Material provided.

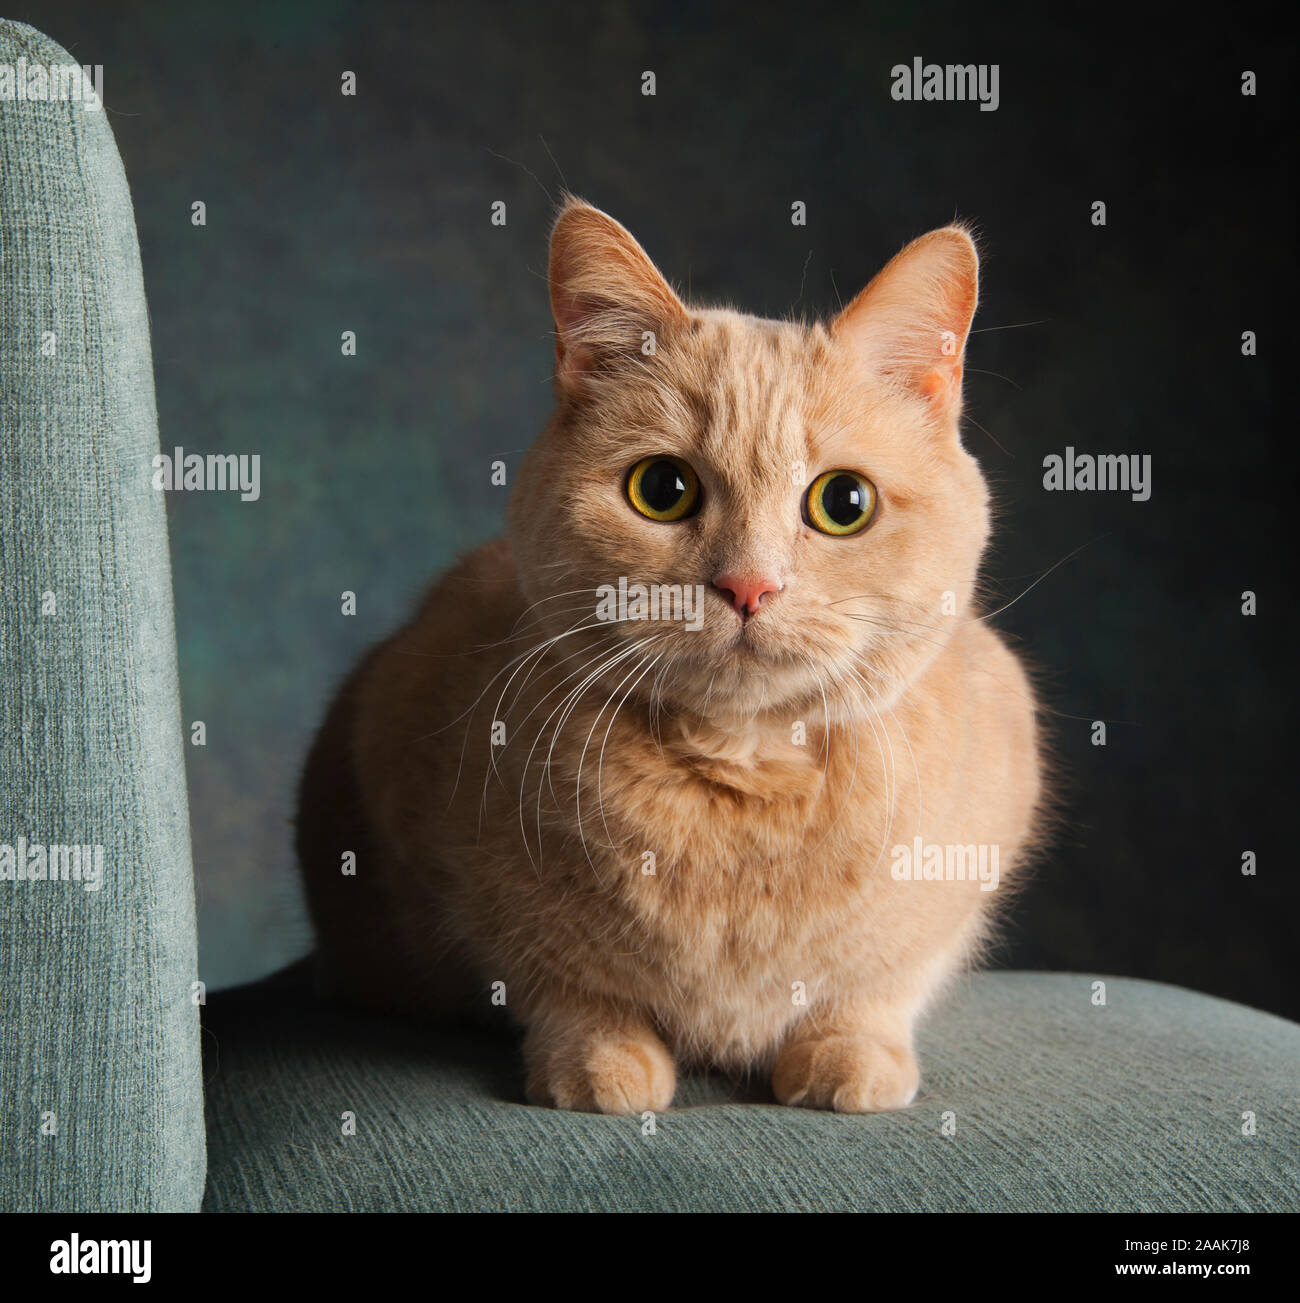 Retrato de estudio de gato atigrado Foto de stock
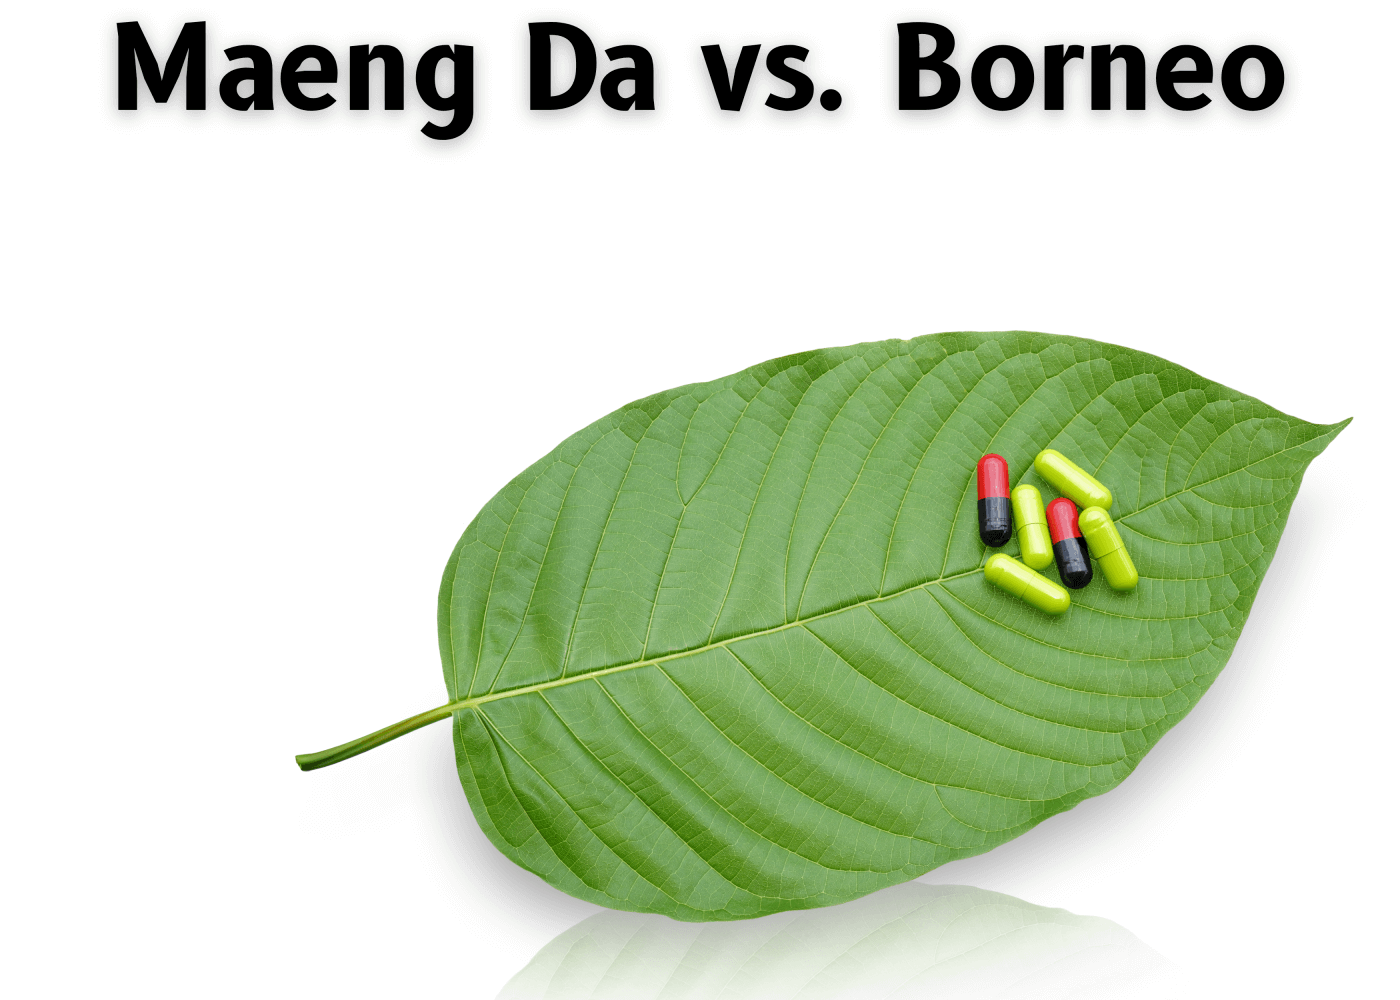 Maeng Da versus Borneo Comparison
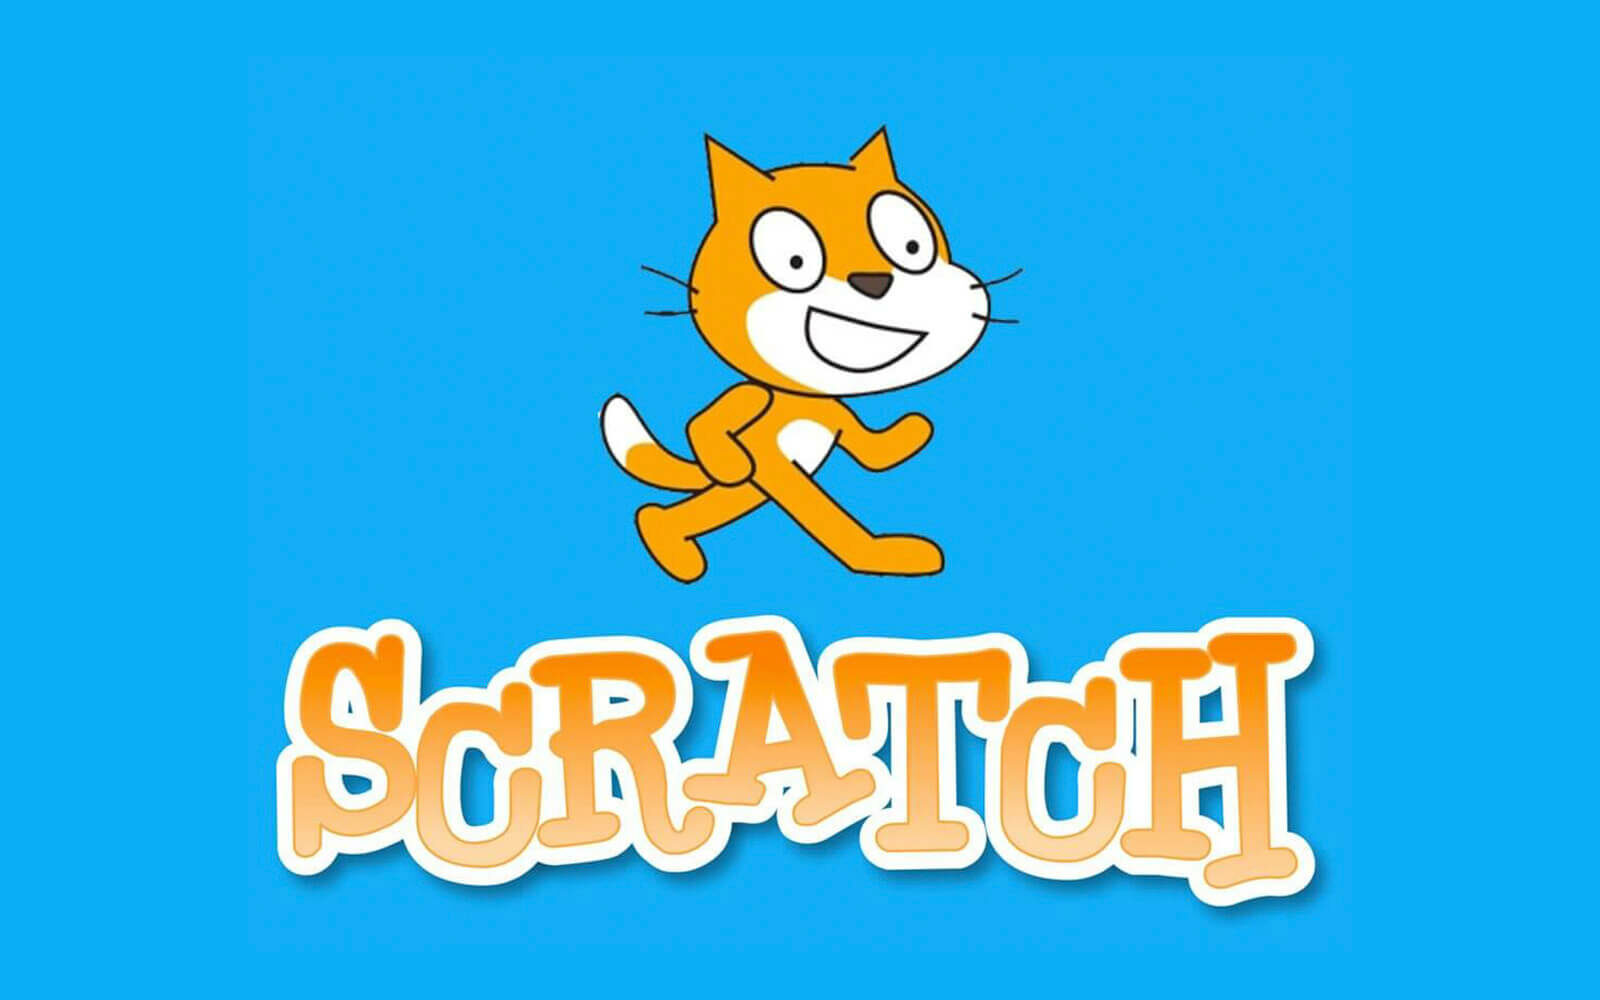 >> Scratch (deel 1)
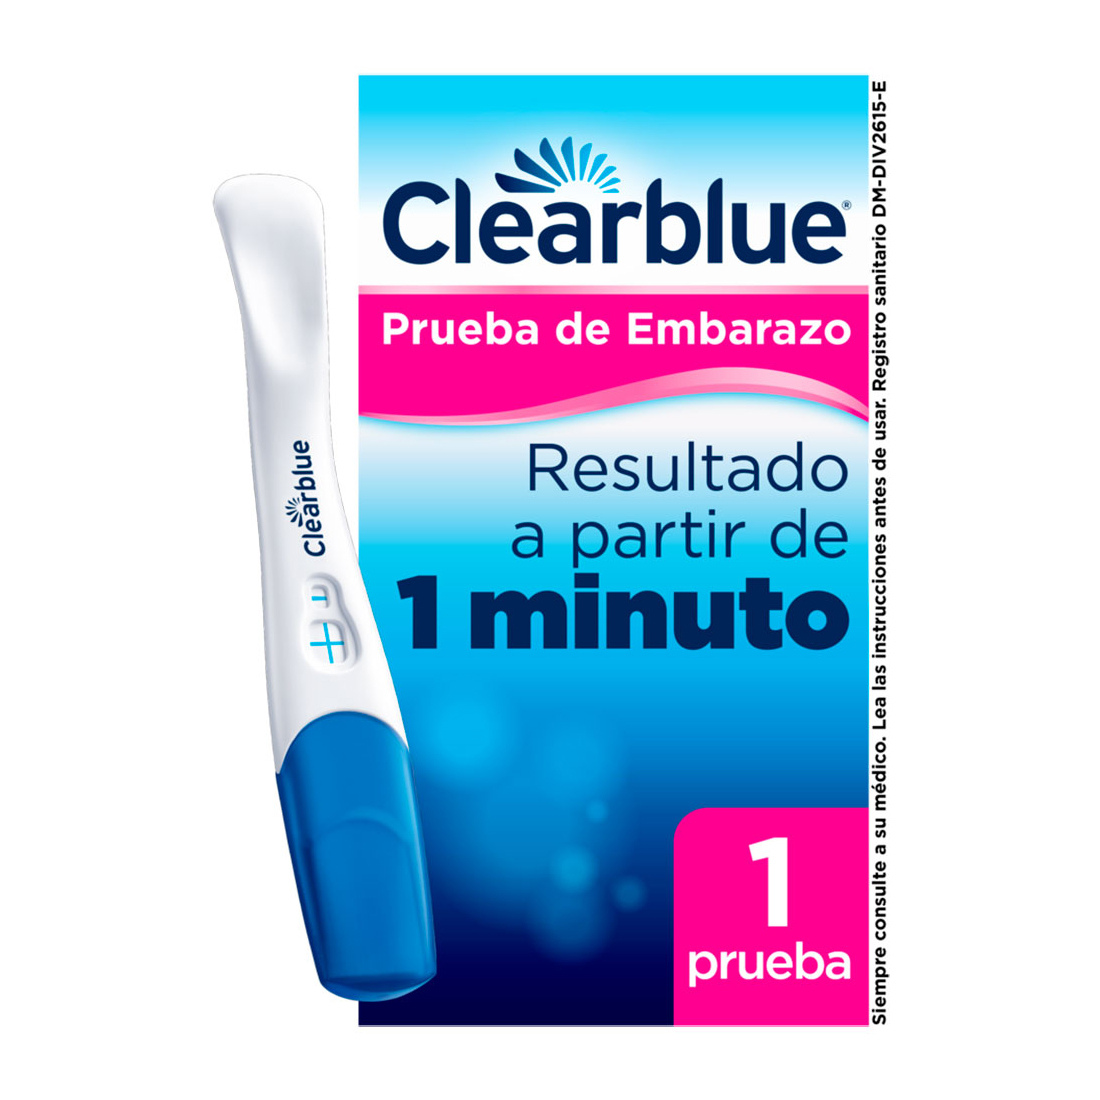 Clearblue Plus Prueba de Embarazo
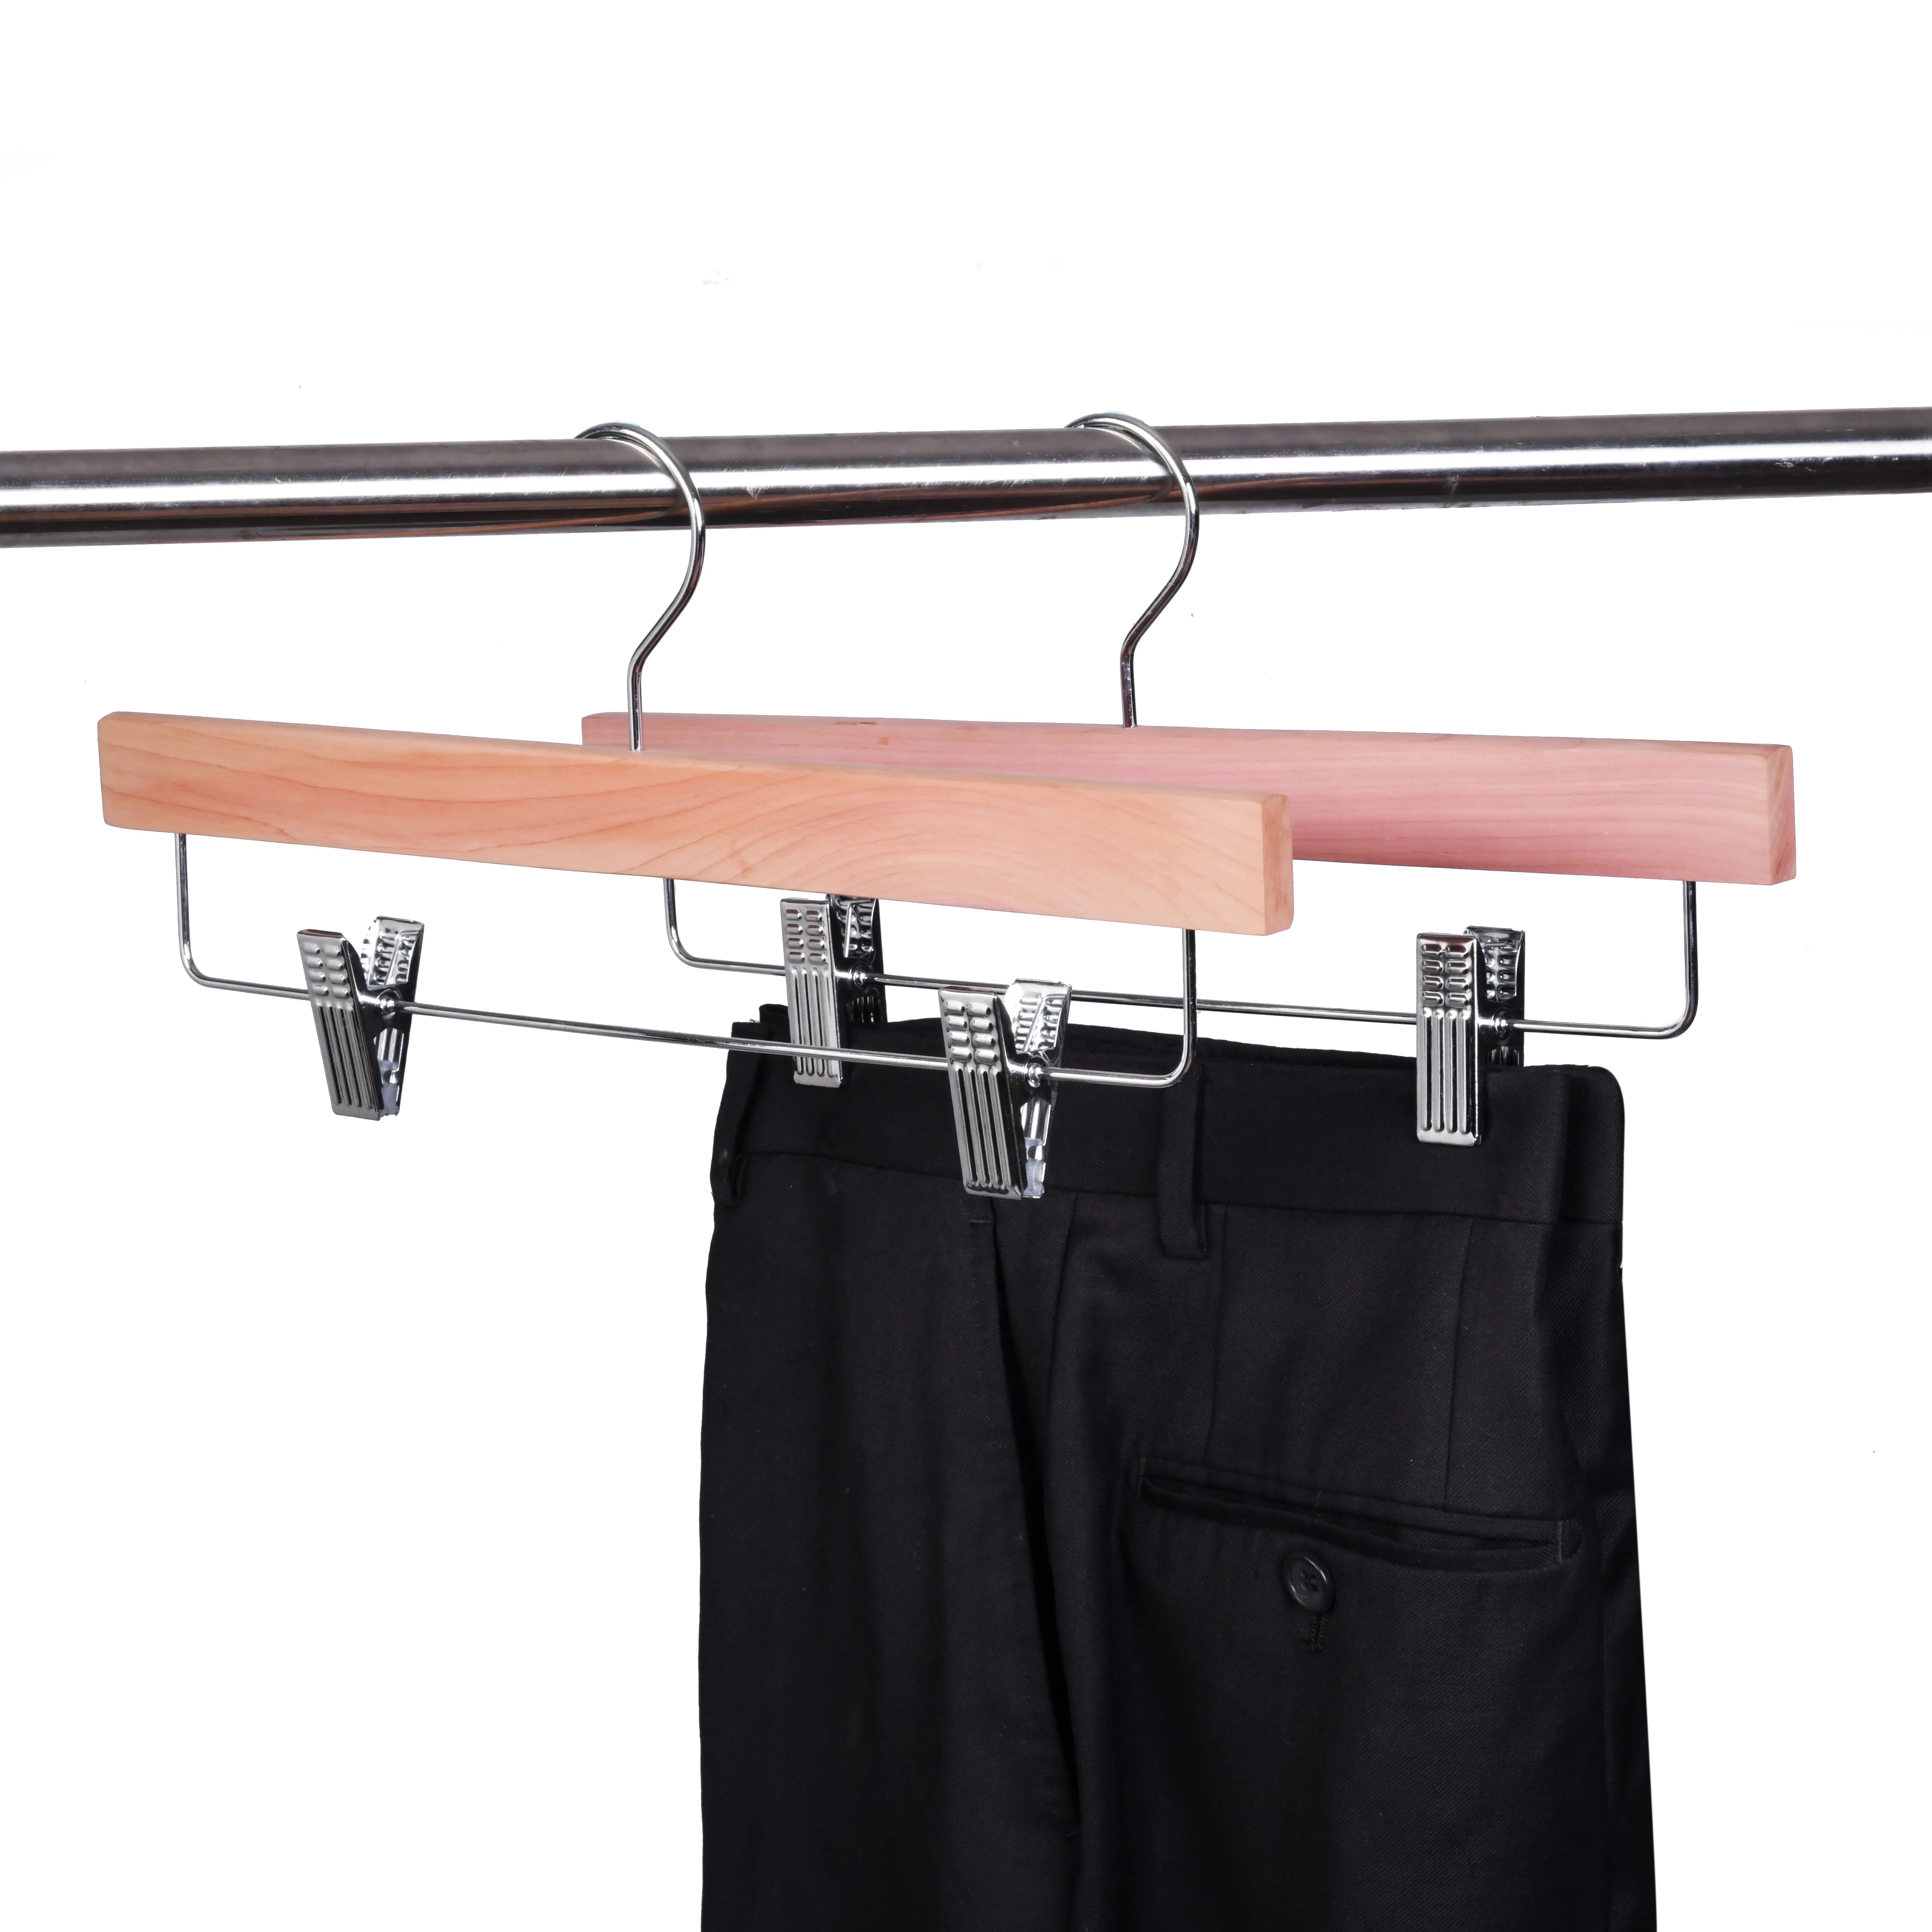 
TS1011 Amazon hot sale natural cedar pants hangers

Task to carry out. Write out, word for word, the line containing "Clearblue Plus Prueba de Embarazo" and each line after it to the end of the data, and nothing more. Drop the pictures.

Result of the exercise.
 Clearblue Plus Prueba de Embarazo
TS1011 Amazon hot sale natural cedar pants hangers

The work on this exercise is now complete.